在复杂过滤器的某个点上,此错误出现在stderr上:

    20/10/08 12:27:39 ERROR ShuffleBlockFetcherIterator: Failed to get block(s) from XXXXXX:34483
java.io.IOException: Failed to connect to XXXXX/XXXXX:34483
    at org.apache.spark.network.client.TransportClientFactory.createClient(TransportClientFactory.java:245)
    at org.apache.spark.network.client.TransportClientFactory.createClient(TransportClientFactory.java:187)
    at org.apache.spark.network.netty.NettyBlockTransferService$$anon$2.createAndStart(NettyBlockTransferService.scala:114)
    at org.apache.spark.network.shuffle.RetryingBlockFetcher.fetchAllOutstanding(RetryingBlockFetcher.java:141)
    at org.apache.spark.network.shuffle.RetryingBlockFetcher.lambda$initiateRetry$0(RetryingBlockFetcher.java:169)

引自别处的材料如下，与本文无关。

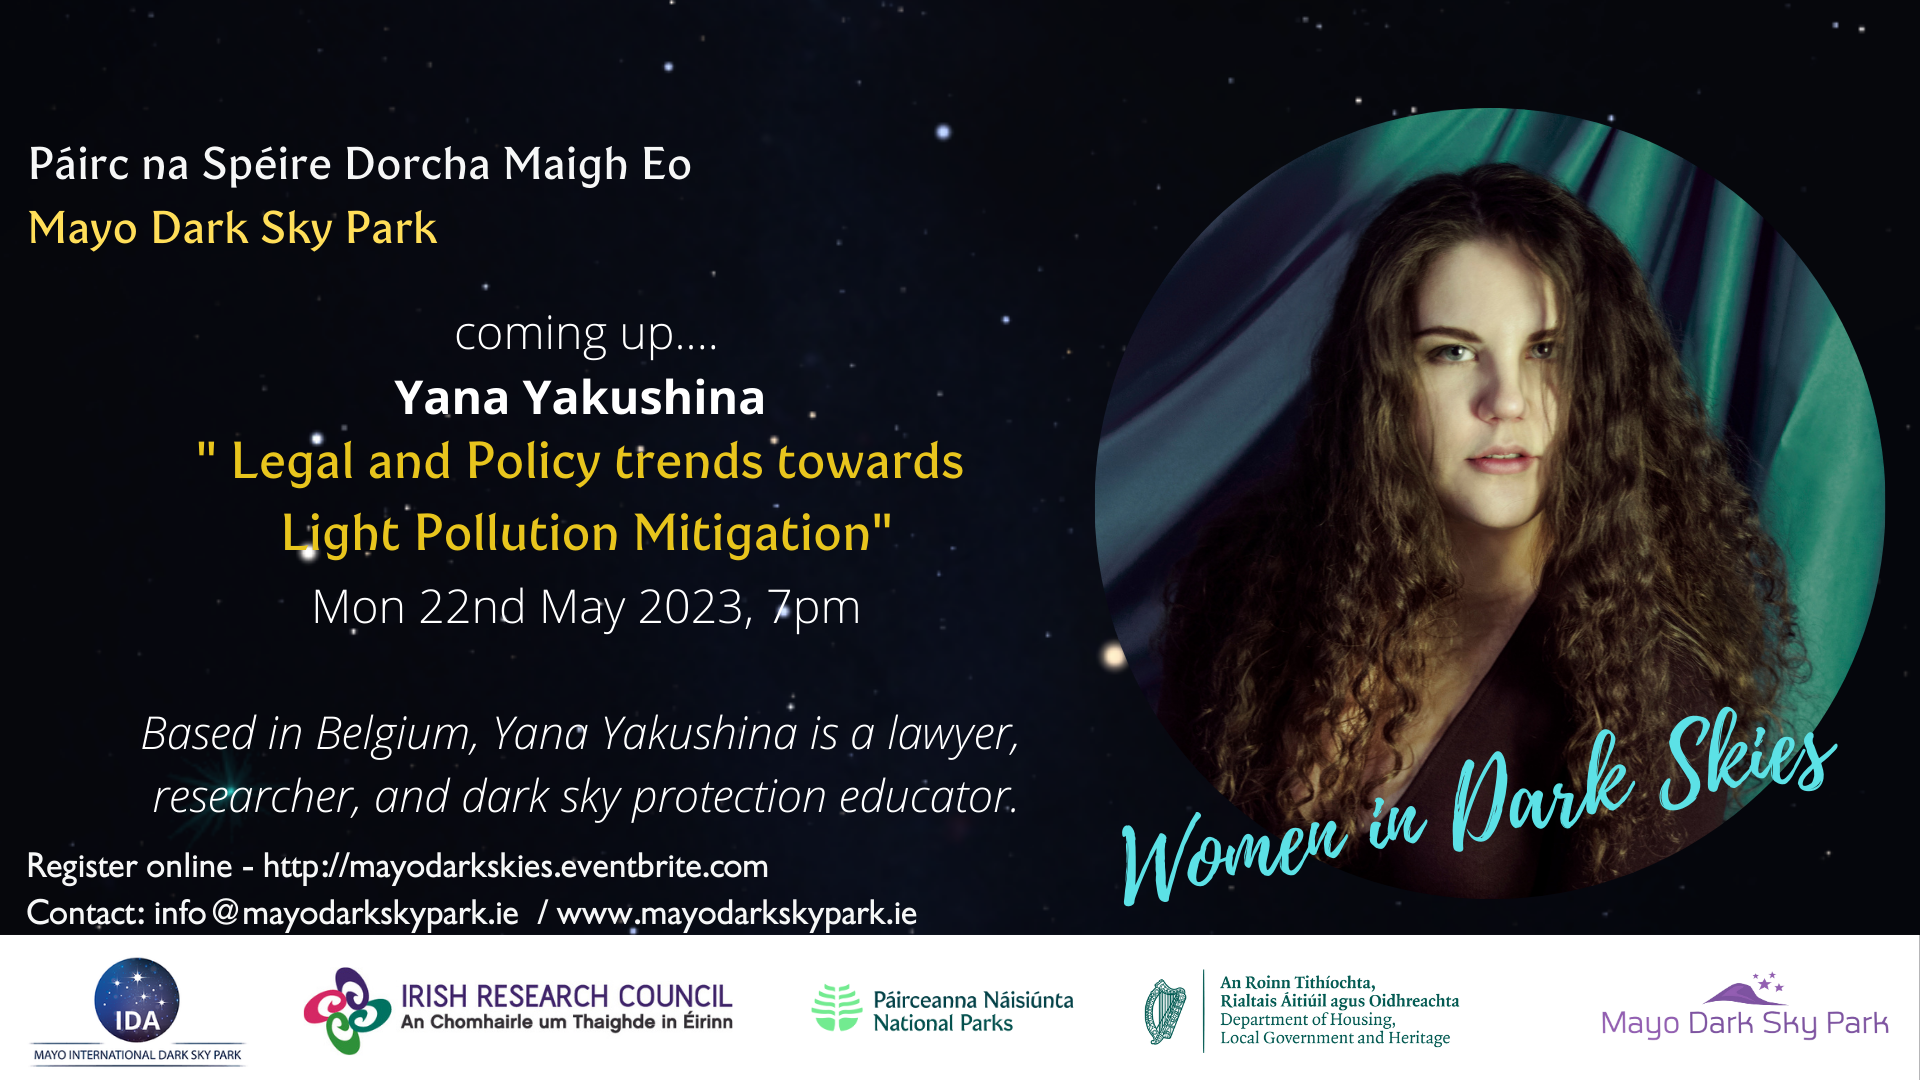 Women in Dark Skies – Women in Dark Skies – Next speaker Yana Yakushina

    at java.util.concurrent.Executors$RunnableAdapter.call(Executors.java:511)
    at java.util.concurrent.FutureTask.run(FutureTask.java:266)
    at java.util.concurrent.ThreadPoolExecutor.runWorker(ThreadPoolExecutor.java:1149)

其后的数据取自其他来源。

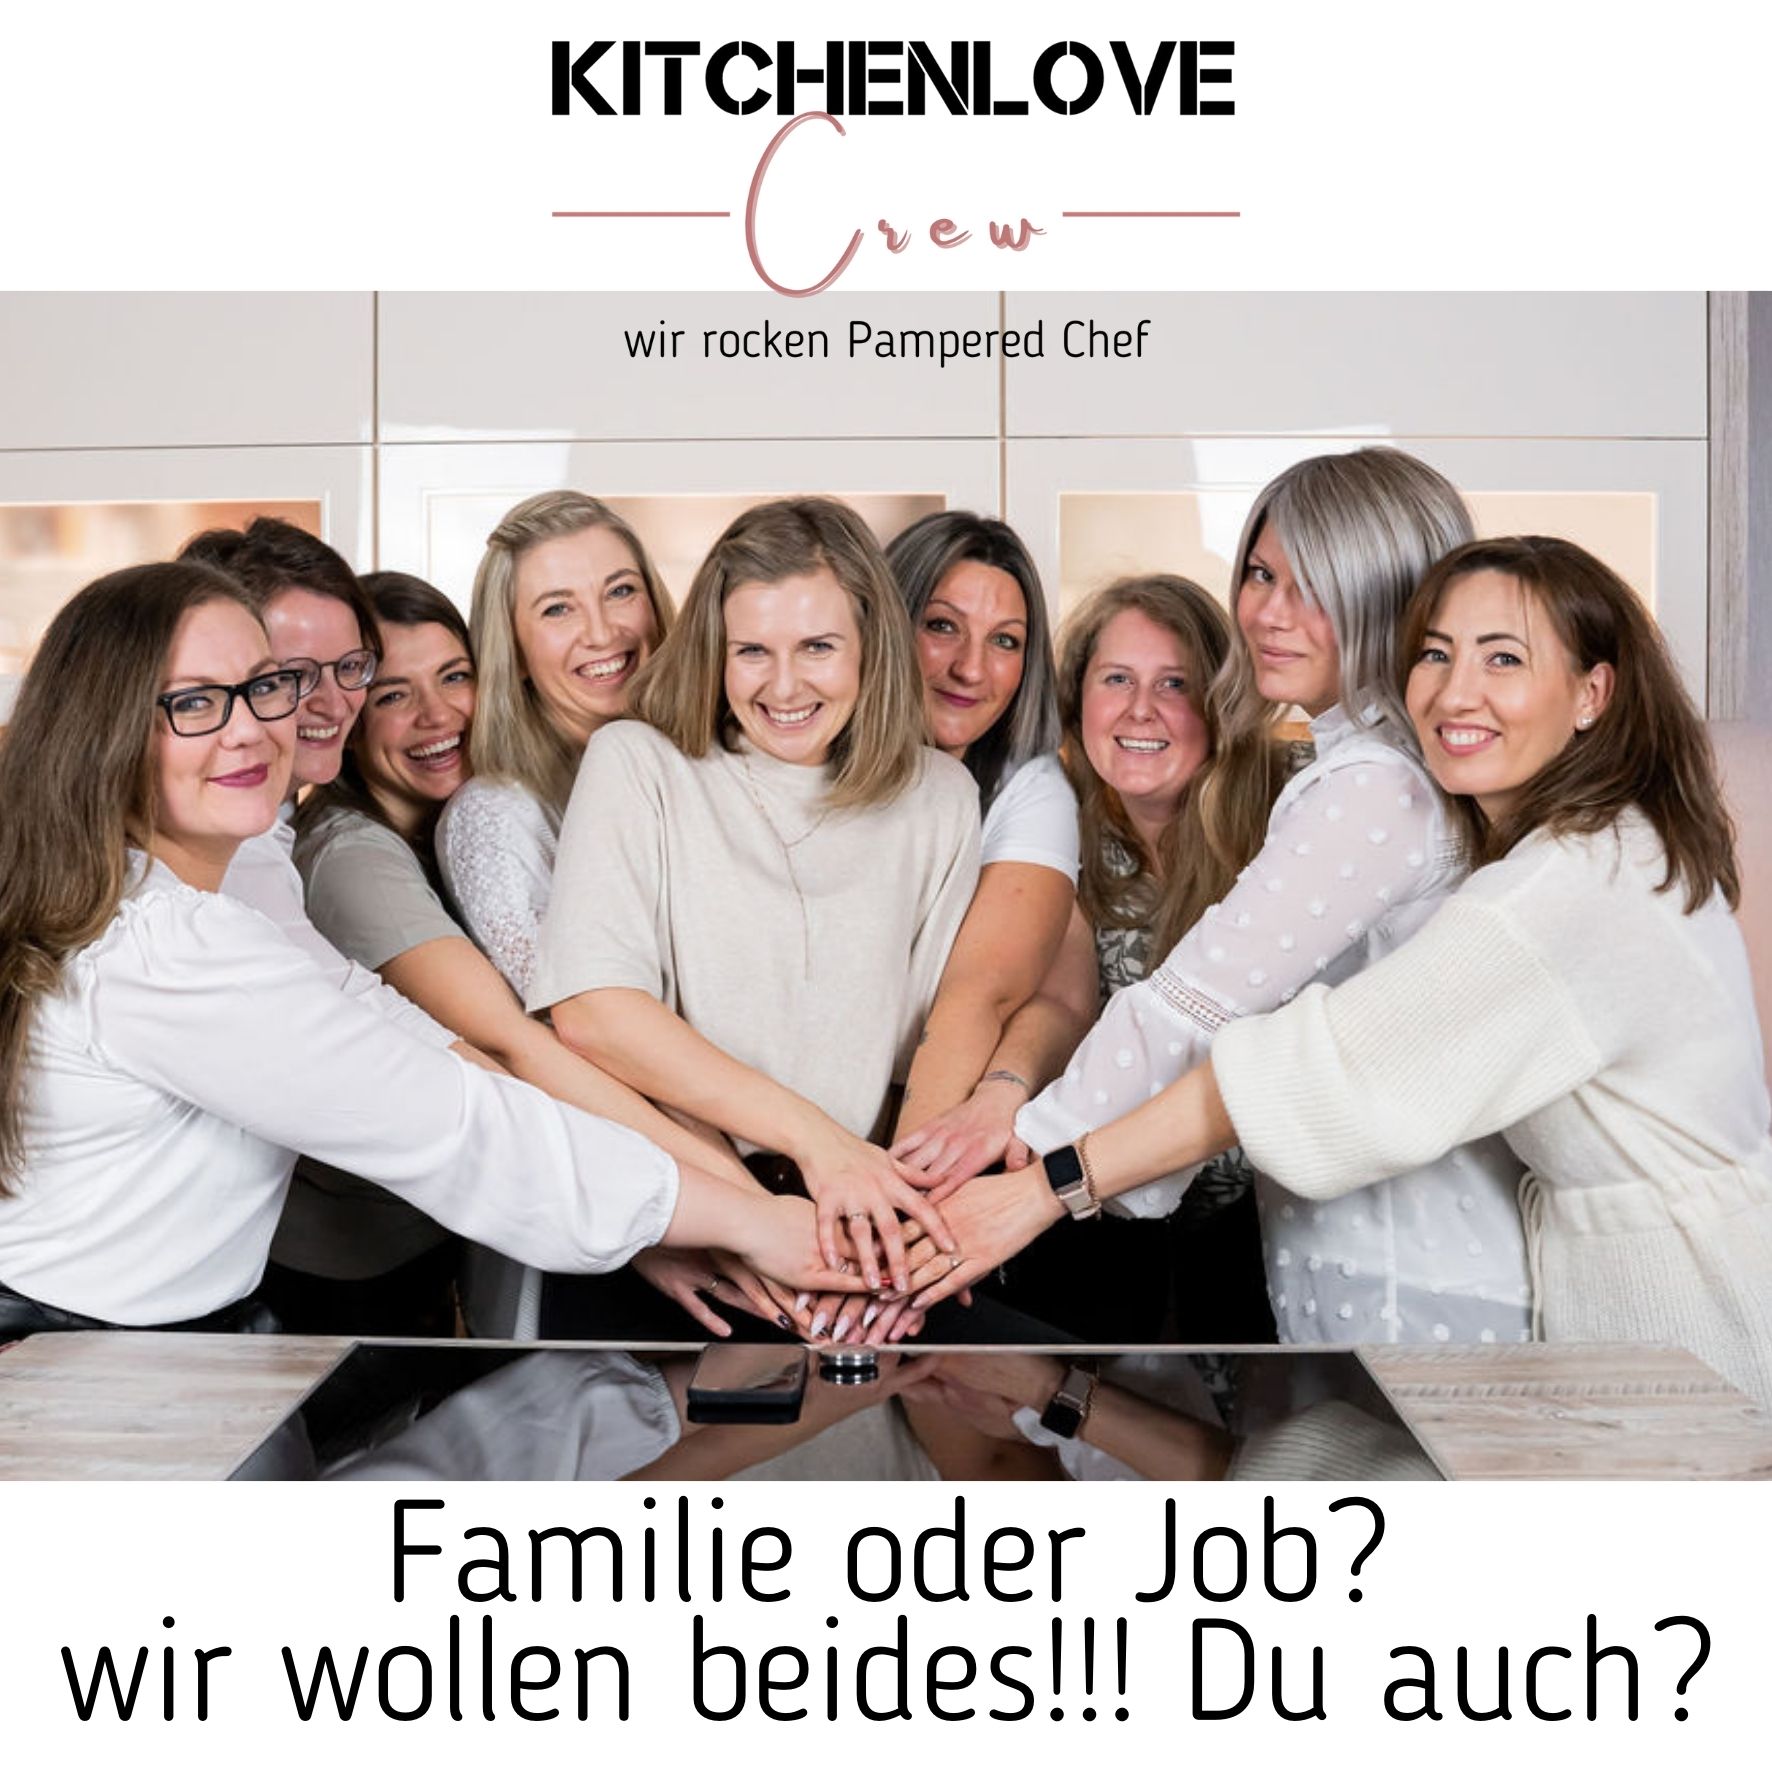 Kitchenlove Crew

    at java.util.concurrent.ThreadPoolExecutor$Worker.run(ThreadPoolExecutor.java:624)
    at io.netty.util.concurrent.DefaultThreadFactory$DefaultRunnableDecorator.run(DefaultThreadFactory.java:138)
    at java.lang.Thread.run(Thread.java:748)
Caused by: io.netty.channel.AbstractChannel$AnnotatedConnectException: Connection refused: dub901mps501.kubikdata.aws/172.31.6.10:34483
    at sun.nio.ch.SocketChannelImpl.checkConnect(Native Method)
    at sun.nio.ch.SocketChannelImpl.finishConnect(SocketChannelImpl.java:714)
    at io.netty.channel.socket.nio.NioSocketChannel.doFinishConnect(NioSocketChannel.java:323)
    at io.netty.channel.nio.AbstractNioChannel$AbstractNioUnsafe.finishConnect(AbstractNioChannel.java:340)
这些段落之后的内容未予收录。